■ DATA SHOWN:
━━━━━━━━━━━━━━━━
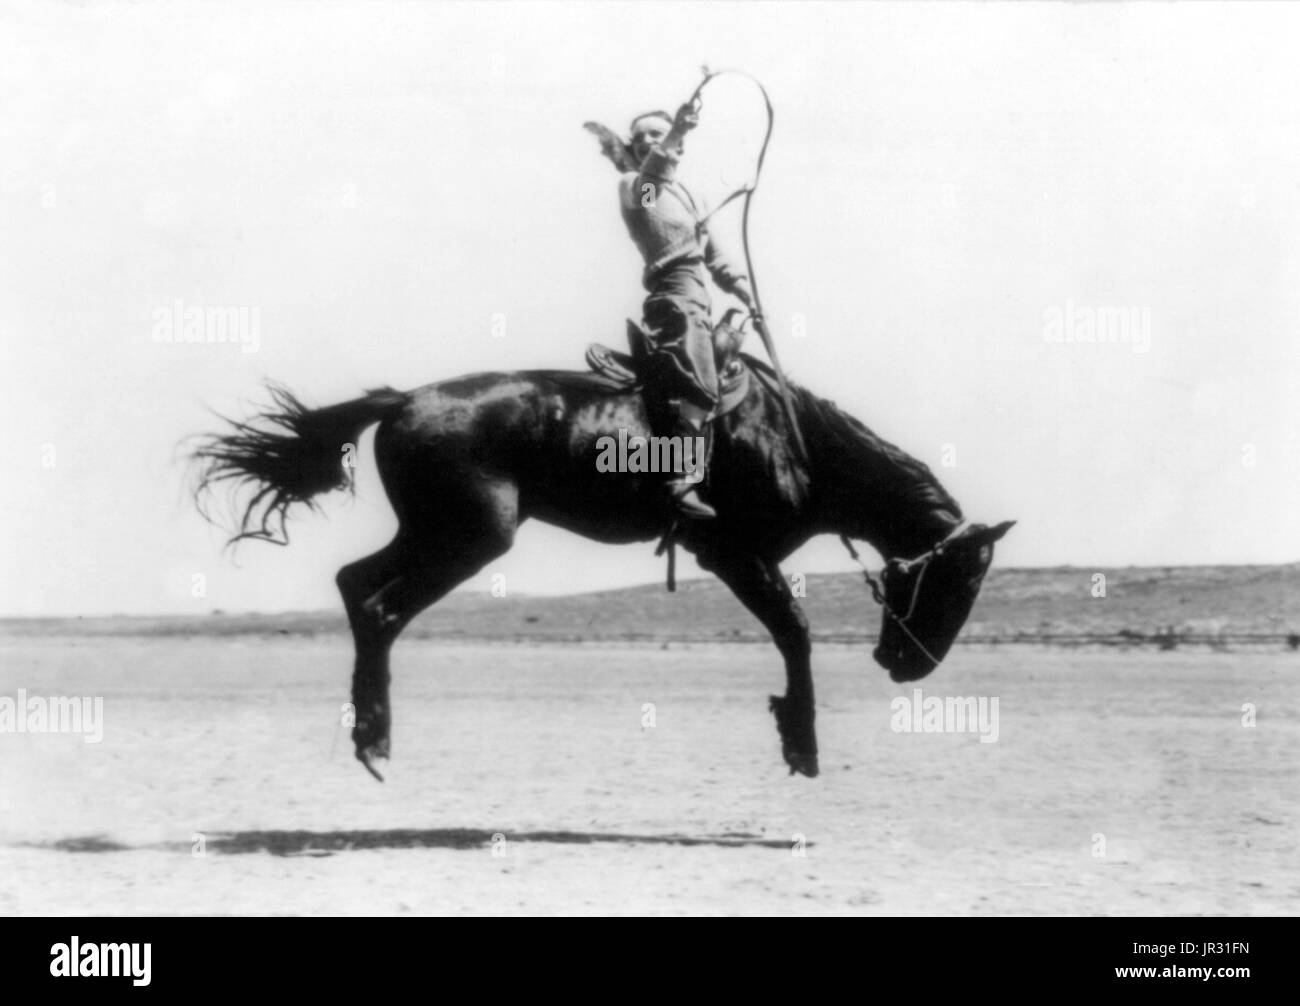 Canutt Champion Dame Fahrer der Welt in Winnemucca, 1919. Kitty Canutt Künstlernamen Kitty Wilks (15. Juli 1899 - 3. Juni 1988), war eine professionelle Bronc Reiter und das all-around Champion Cowgirl auf 1916 Pendleton Round-Up in Pendleton, Oregon, für ihr unruhiges Pferd und Staffellauf Veranstaltungen. Sie war als "Diamond Girl" oder "Diamond Kitty" bekannt, weil sie einen Diamanten in ihrem vorderen Zahn gesetzt hatte. Sie würde gelegentlich entfernen und den Diamanten verpfänden, wenn sie Eintrag Geld bestreiten erforderlich. Ruckeln ist eine Bewegung von einem Pferd, in dem das Tier senkt seinen Kopf und wirft die Hinterhand in, durchgeführt Stockfoto
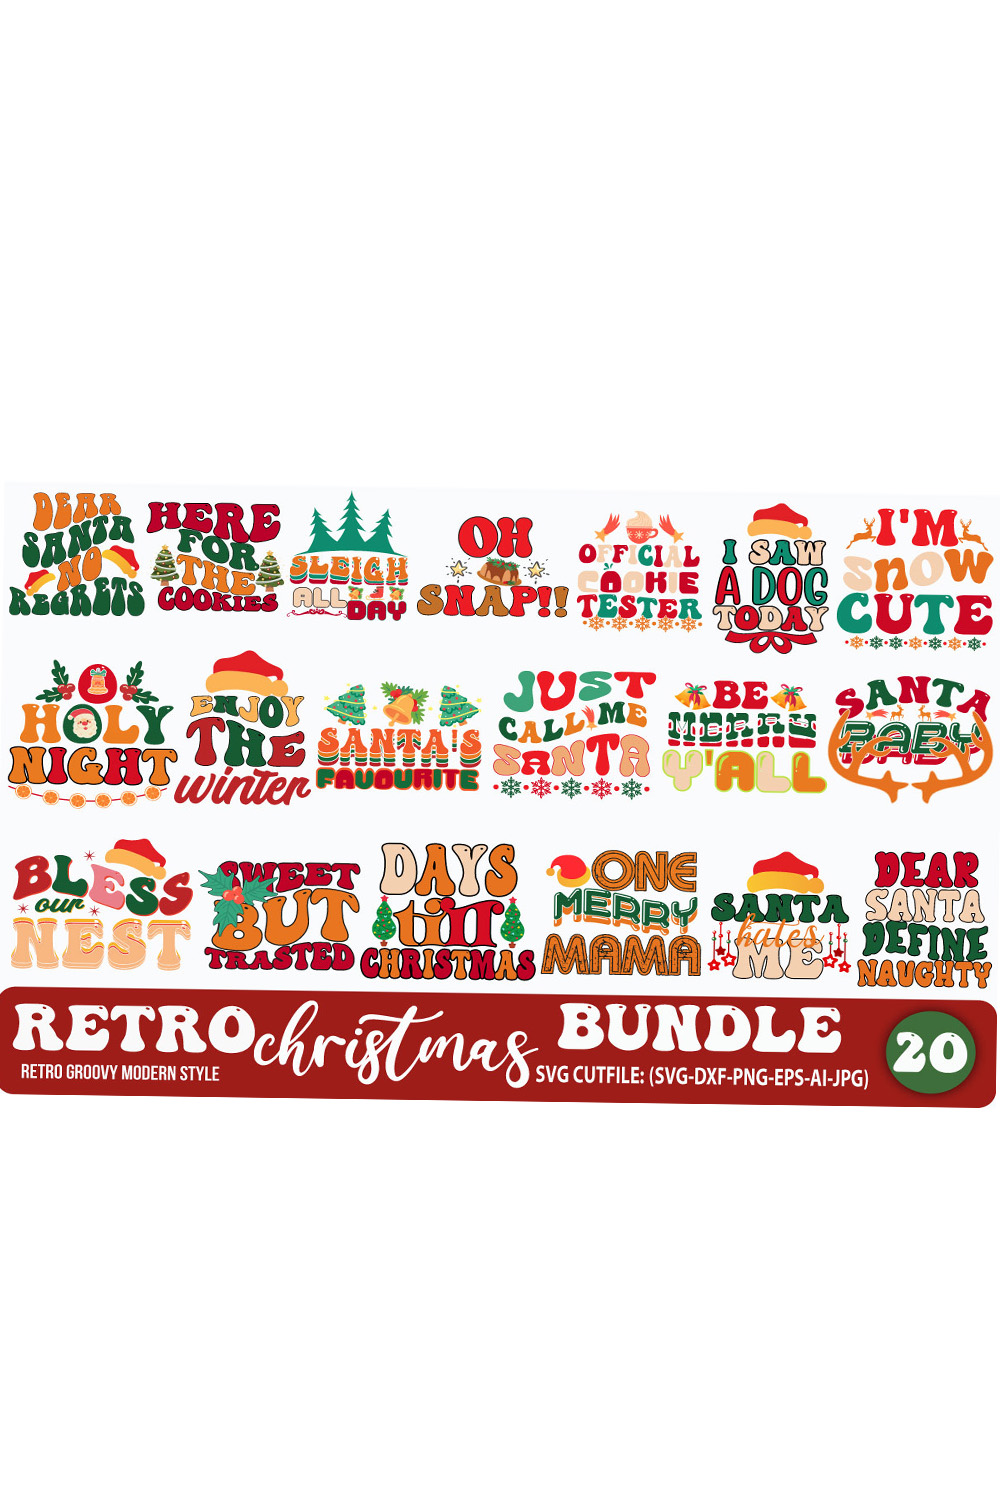 Christmas Vintage SVG Design Bundle pinterest image.
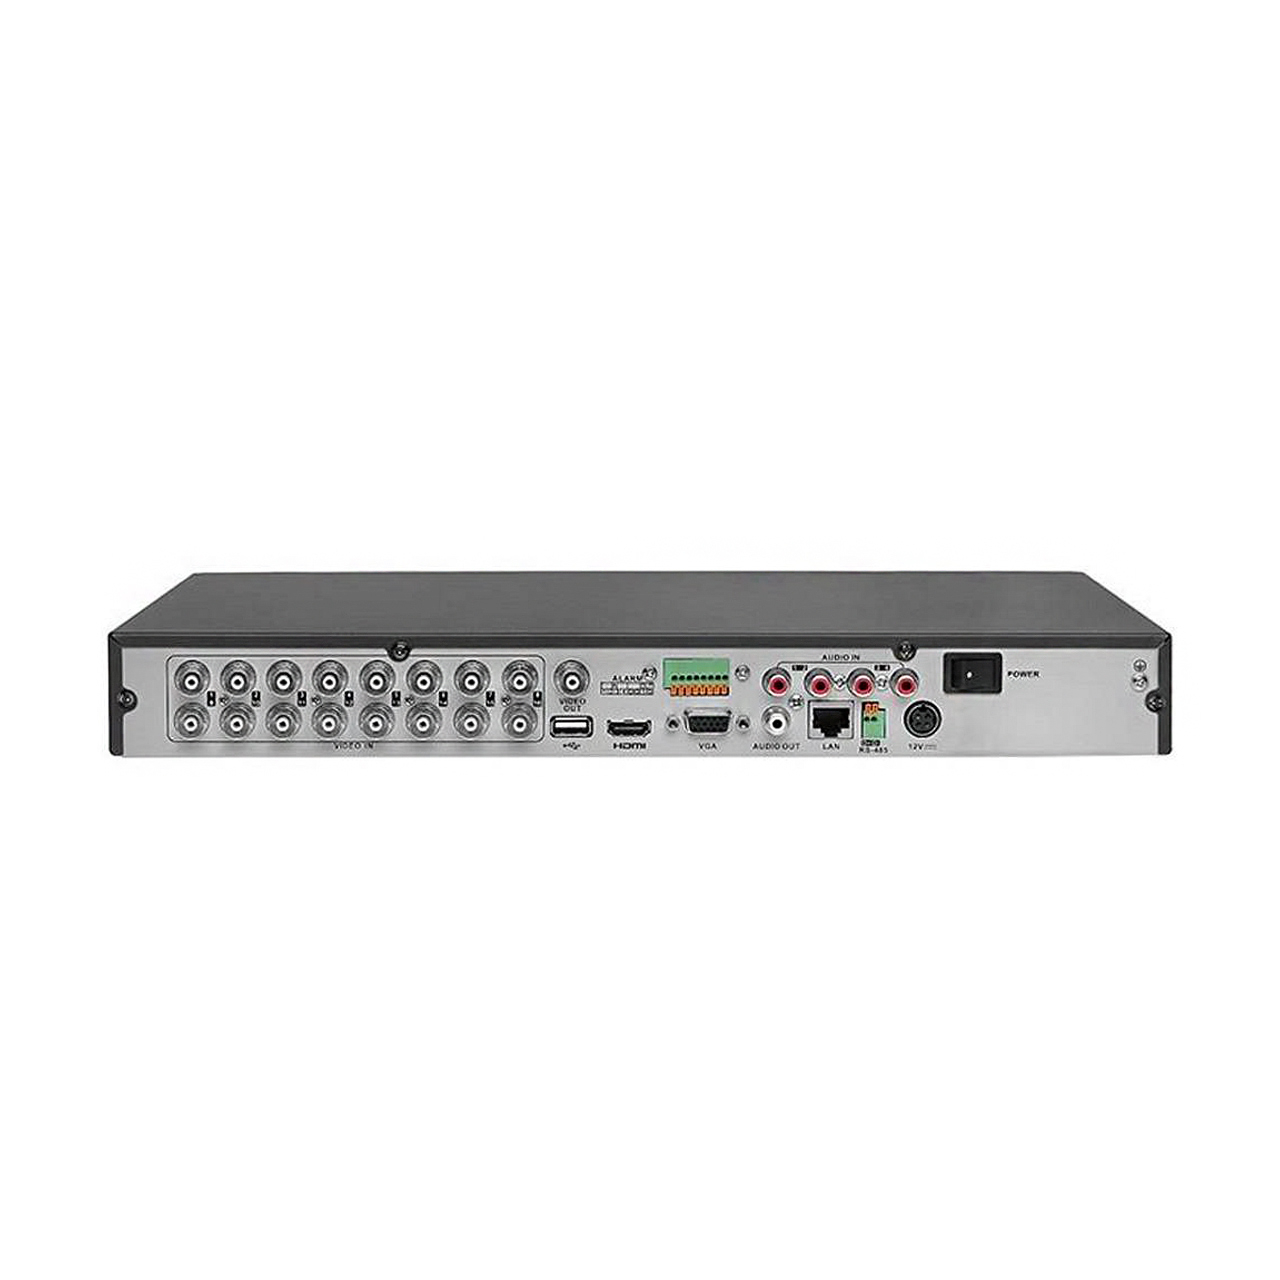 ضبط کننده دی وی ار 8 کانال مدل DS-7208HTHI-K2 برند Hikvision
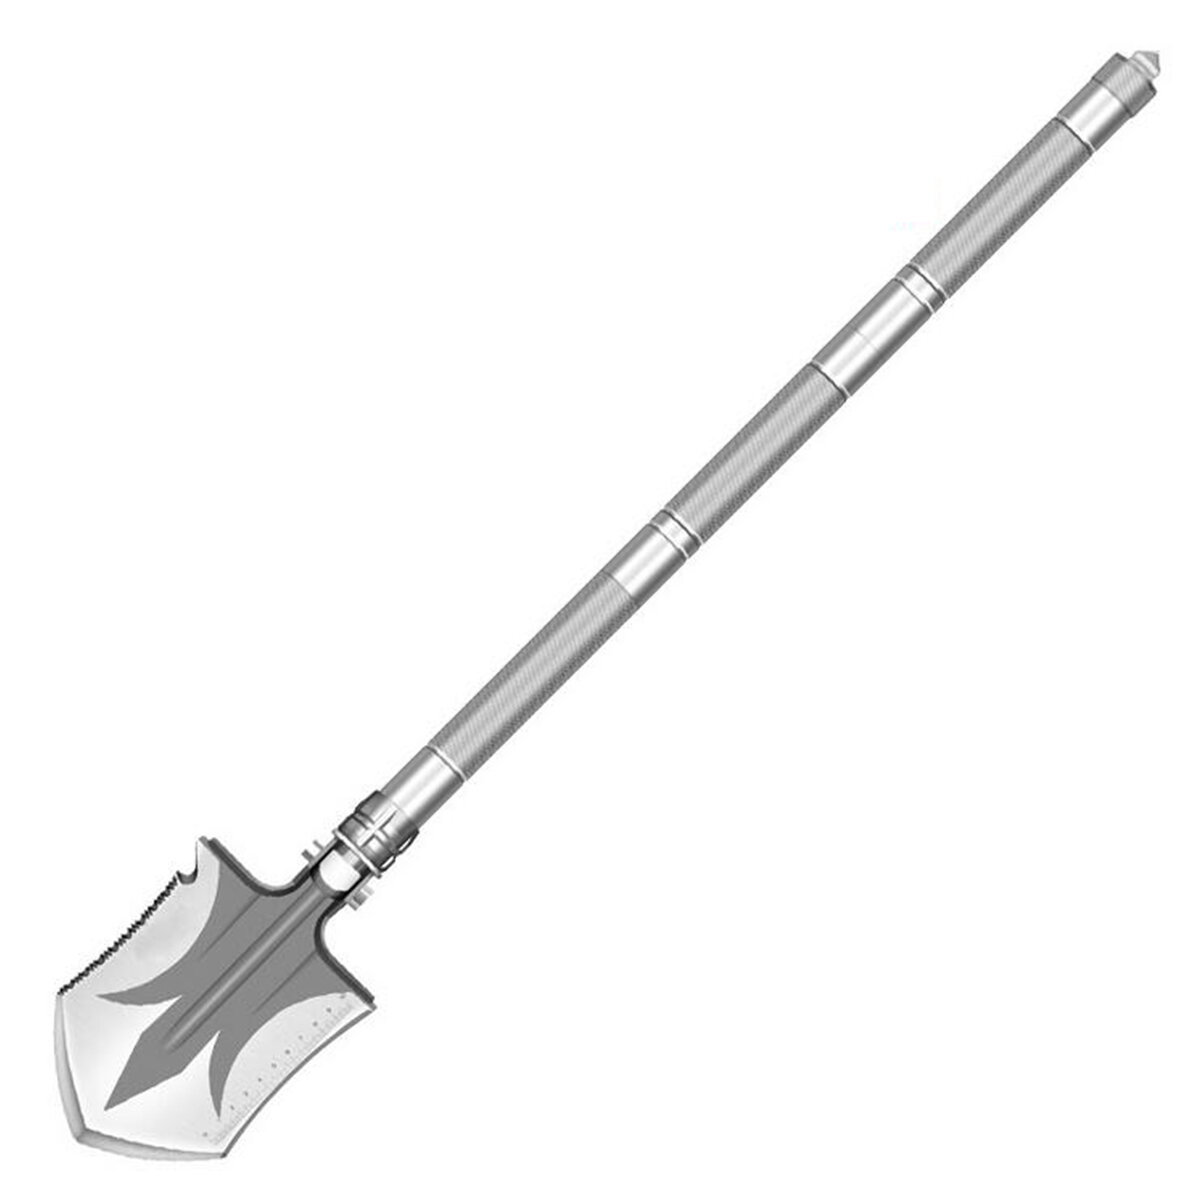 Разнофункциональная складная лопата из марганцевой стали и алюминиевого сплава с анти-скользящим покрытием, удобный инструмент для кемпинга.
━━━━━━━━━━━━━━━━
■ THE TASK:
Find the line with "Christmas Vintage SVG". Return it and each line after it through the end of the data, exactly, without pictures.

■ PROBLEM SOLUTION:
 Christmas Vintage SVG Design Bundle pinterest image.
 ضبط کننده دی وی ار 8 کانال مدل DS-7208HTHI-K2 برند Hikvision
 Разнофункциональная складная лопата из марганцевой стали и алюминиевого сплава с анти-скользящим покрытием, удобный инструмент для кемпинга.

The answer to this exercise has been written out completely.